The whole duty of man, what the Westminster Confession might call the chief end of man, is a two step process: 1) Fear God, 2) Keep His commandments. The Law is a crucial aspect to our existence, to our telos as God’s creatures. Where is this message in our churches and in our families? Are we perhaps too afraid of sounding like “legalists” to emphasize the crucial place of the Law of God. Obedience is more than a consequence of faith. It is why we were created?
Now that we have been forcefully reminded of the Scriptures emphasis on God’s Law, we need to now remember that the Law of God is beautiful, good, wonderful. This central place of obedience is not a heavy, intimidating message. It is one in which we should delight. For how does the Scripture describe God’s Law?

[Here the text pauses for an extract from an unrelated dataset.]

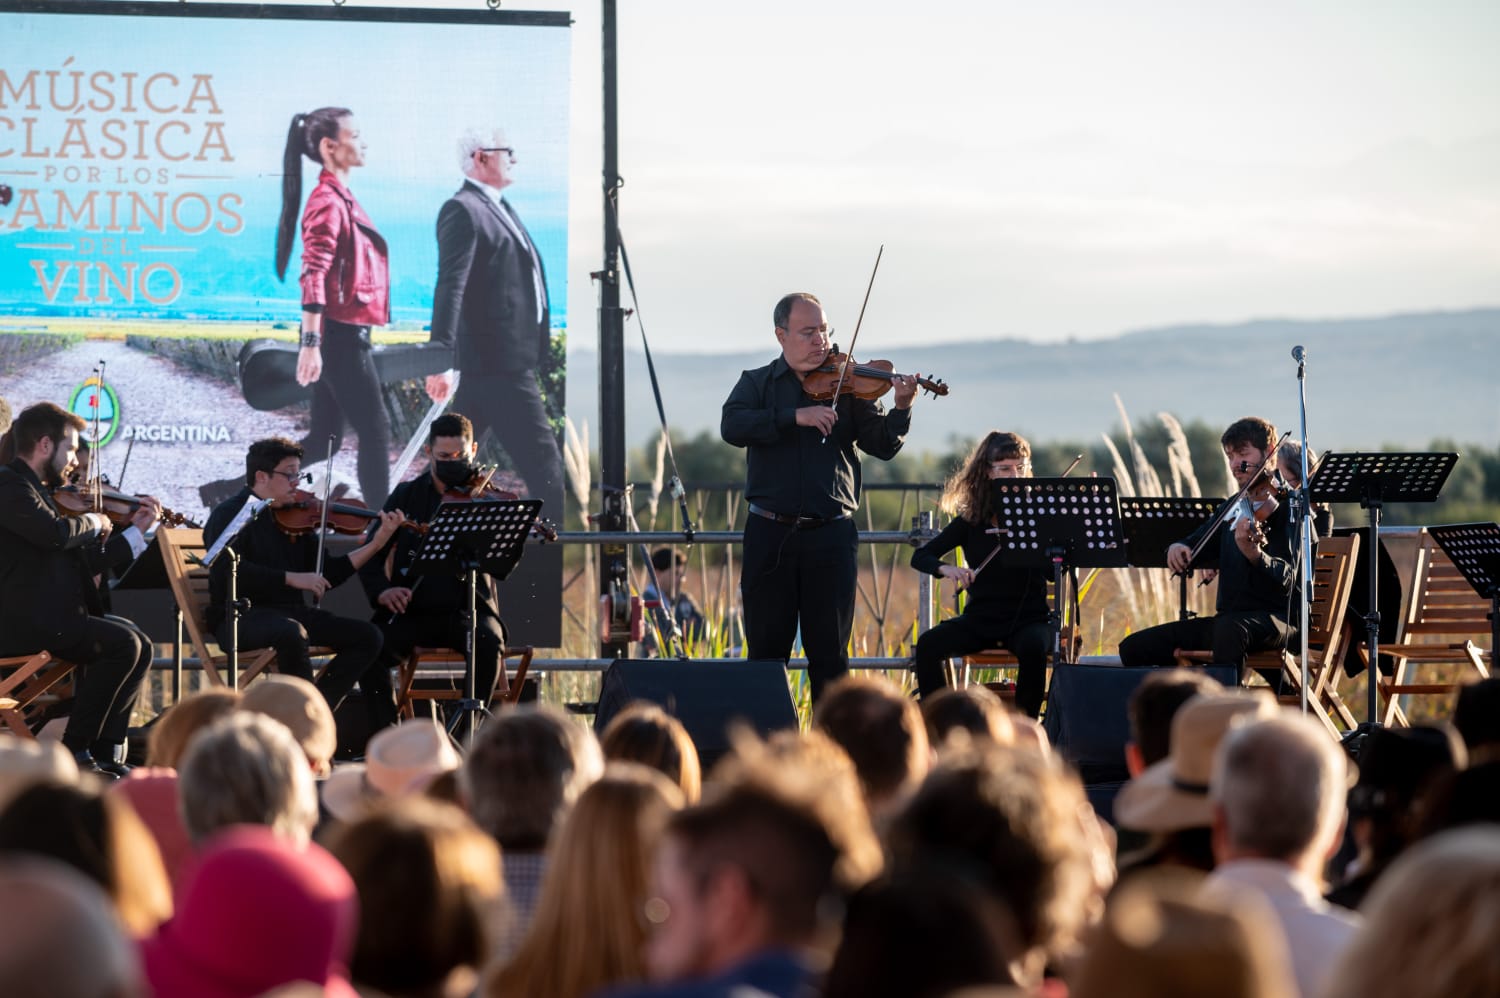 Another successful edition of Classical Music along the Wine Routes in Mendoza

If you really fulfill the royal law according to the Scripture, “You shall love your neighbor as yourself,” you are doing well. But if you show partiality, you are committing sin and are convicted by the law as transgressors. For whoever keeps the whole law but fails in one point has become guilty of all of it. For he who said, “Do not commit adultery,” also said, “Do not murder.” If you do not commit adultery but do murder, you have become a transgressor of the law. So speak and so act as those who are to be judged under the law of liberty.
(James 2:8-12)
God’s Law is the Law of Liberty. In a stunning turn of events, the Bible counterintuitively reveals the path to liberty as road the winds through Law. Obedience is where true liberty is to be found.

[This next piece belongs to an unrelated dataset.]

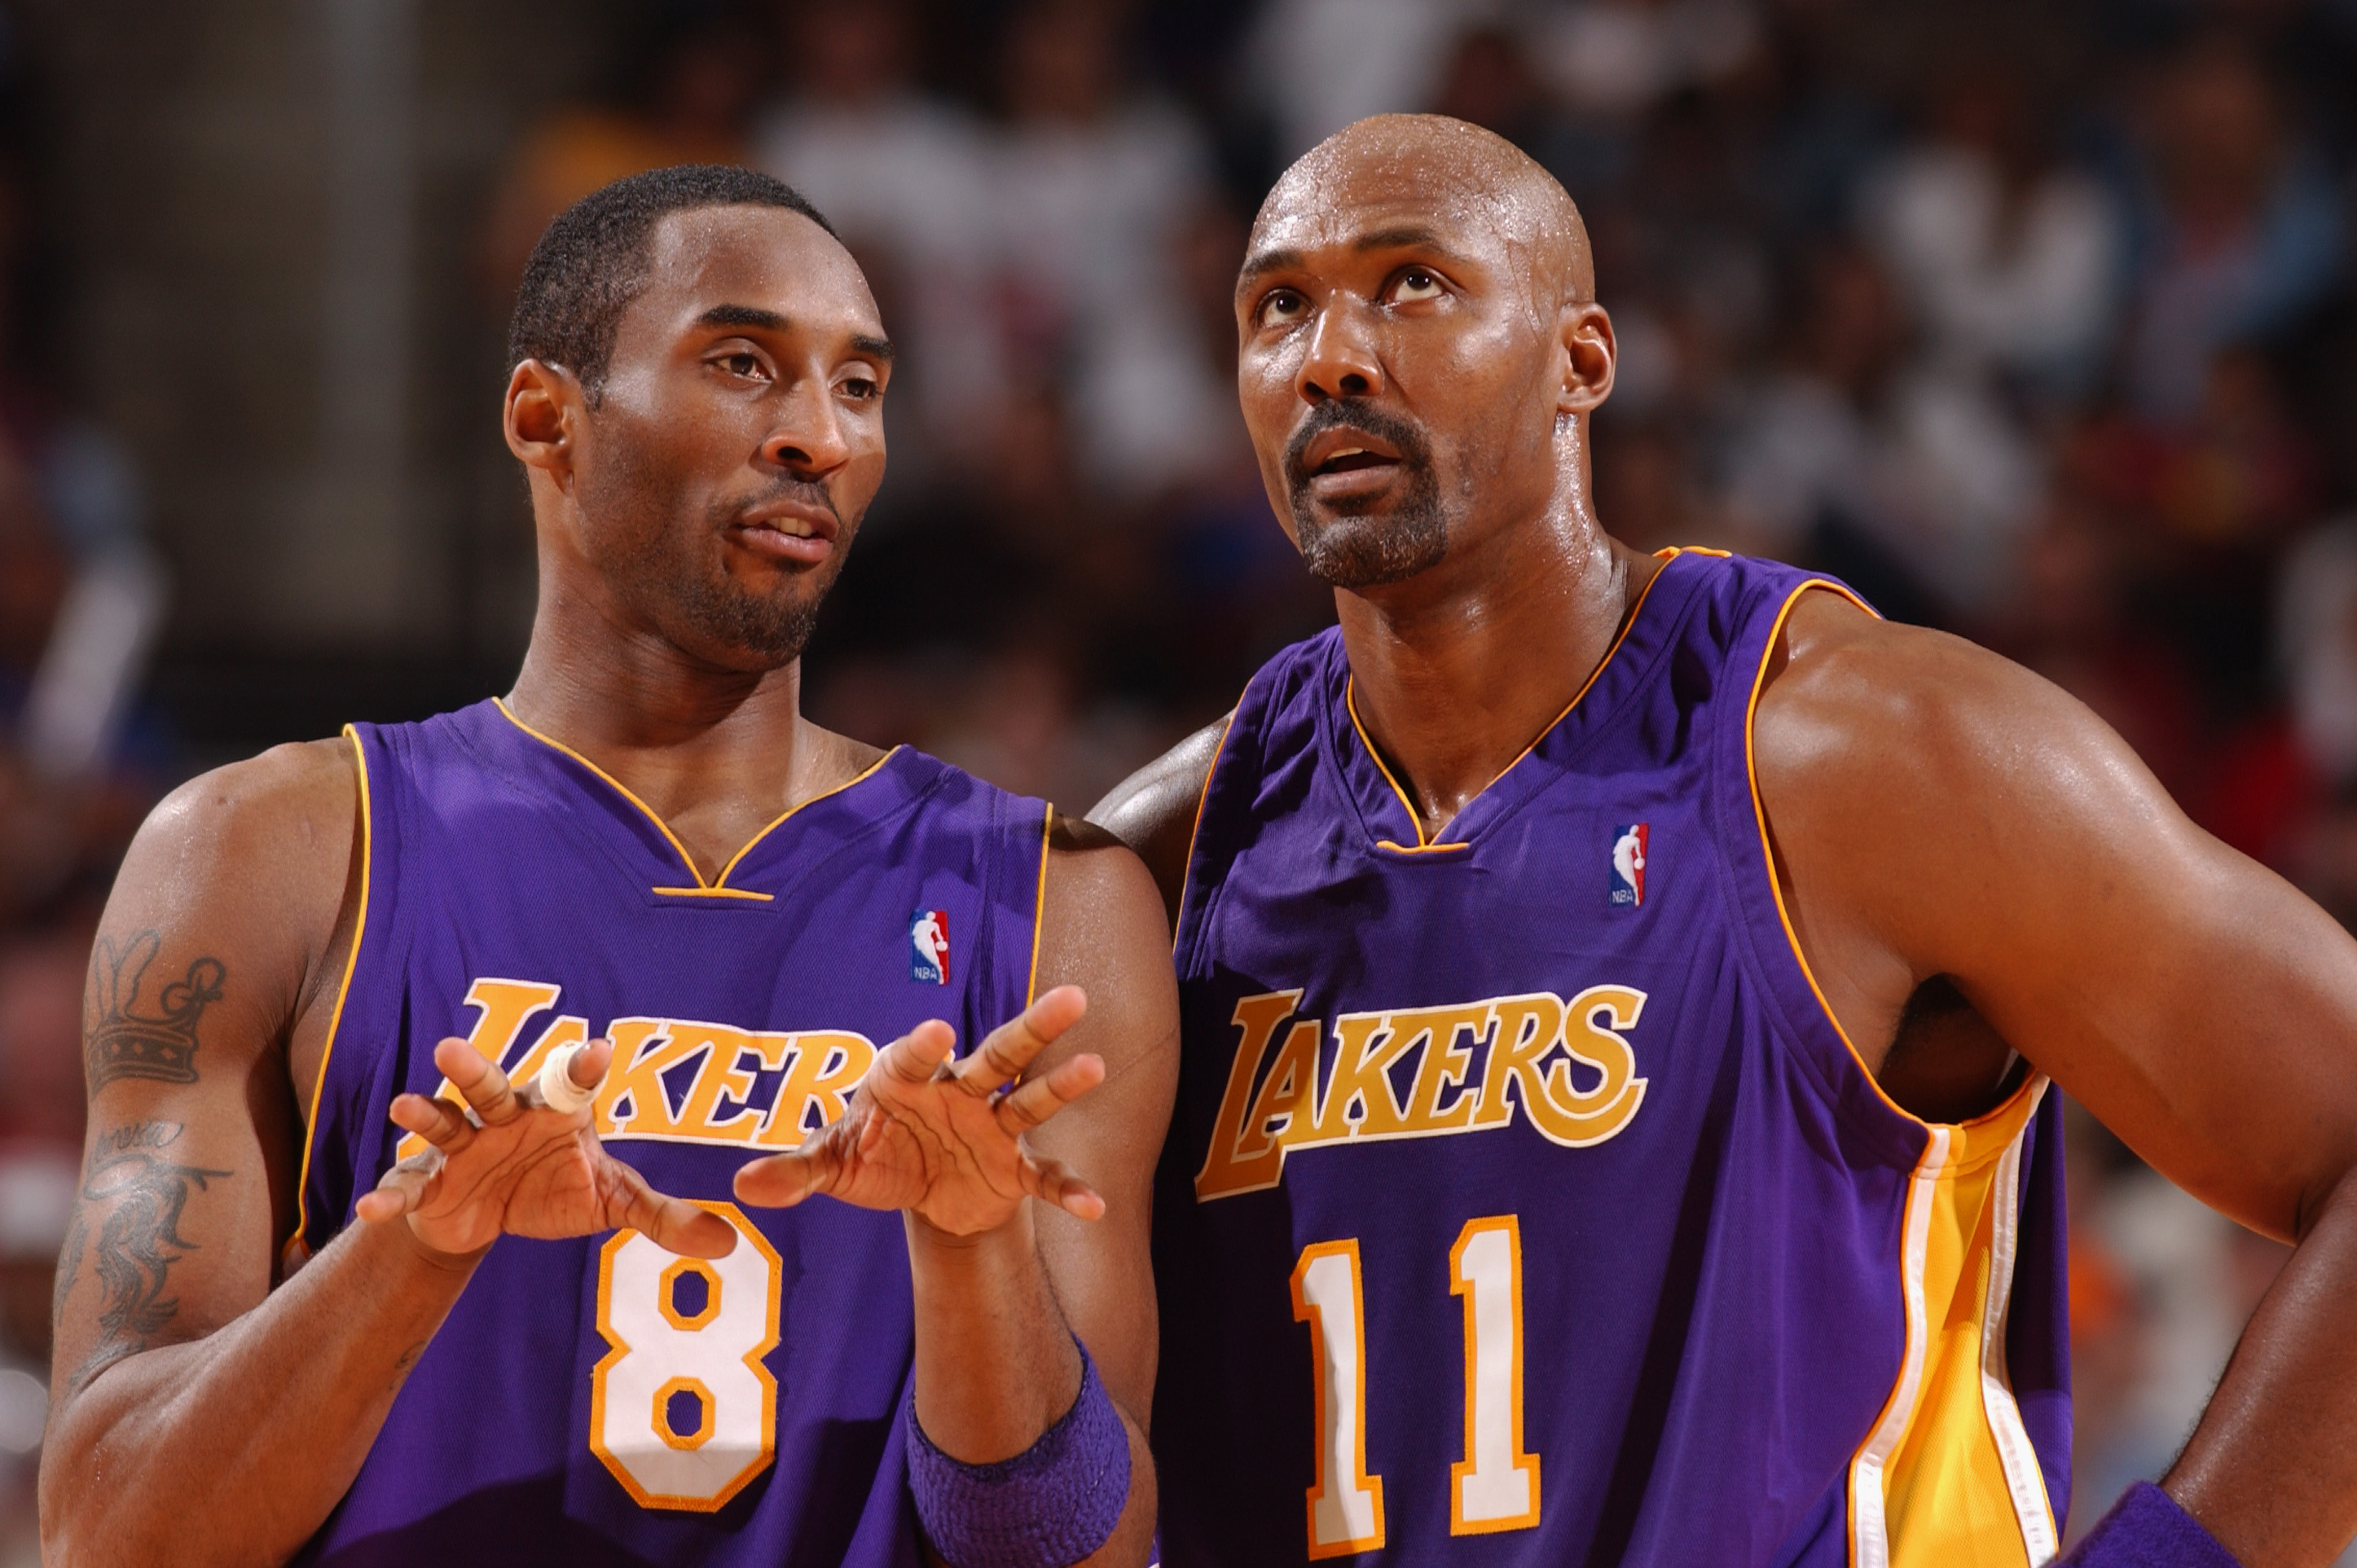 Karl Malone Gives Kobe Bryant Standing Offer to Fight Him ...

This royal Law of liberty is certainly something that David learned to love appropriately. In his famous Psalm, Psalm 119, he dedicates a lengthy, poetic song to His delight in the commandments of God. He says things like, “Blessed are you, O Lord; teach me your statutes! With my lips I declare all the rules of your mouth. In the way of your testimonies I delight as much as in all riches. I will meditate on your precepts and fix my eyes on your ways. I will delight in your statutes; I will not forget your word” (12-16). He also says “Teach me, O Lord, the way of your statutes; and I will keep it to the end. Give me understanding, that I may keep your law and observe it with my whole heart. Lead me in the path of your commandments, for I delight in it” (33-35). Perhaps even stronger is,
“And take not the word of truth utterly out of my mouth, for my hope is in your rules. I will keep your law continually,
44-48
forever and ever, and I shall walk in a wide place, for I have sought your precepts. I will also speak of your testimonies before kings and shall not be put to shame, for I find my delight in your commandments, which I love. I will lift up my hands toward your commandments, which I love, and I will meditate on your statutes.”

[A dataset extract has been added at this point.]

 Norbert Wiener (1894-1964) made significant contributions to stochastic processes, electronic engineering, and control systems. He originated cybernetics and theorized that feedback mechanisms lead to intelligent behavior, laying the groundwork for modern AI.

David knew, like the Apostle John, that the Law of God is something we can delight in and love. “For this is the love of God, that we keep his commandments. And his commandments are not burdensome” (1 John 5:3). Put simply, we are not called to begrudgingly submit to the yoke of obedience; we are called to delight in the Law of God (Psalm 1:2, Romans 7:22).
Conclusion
In short, the delight of the Christian experience is not so much that God has a wonderful plan for you. Rather, the delight of the Christian experience is that God has a wonderful Law for you.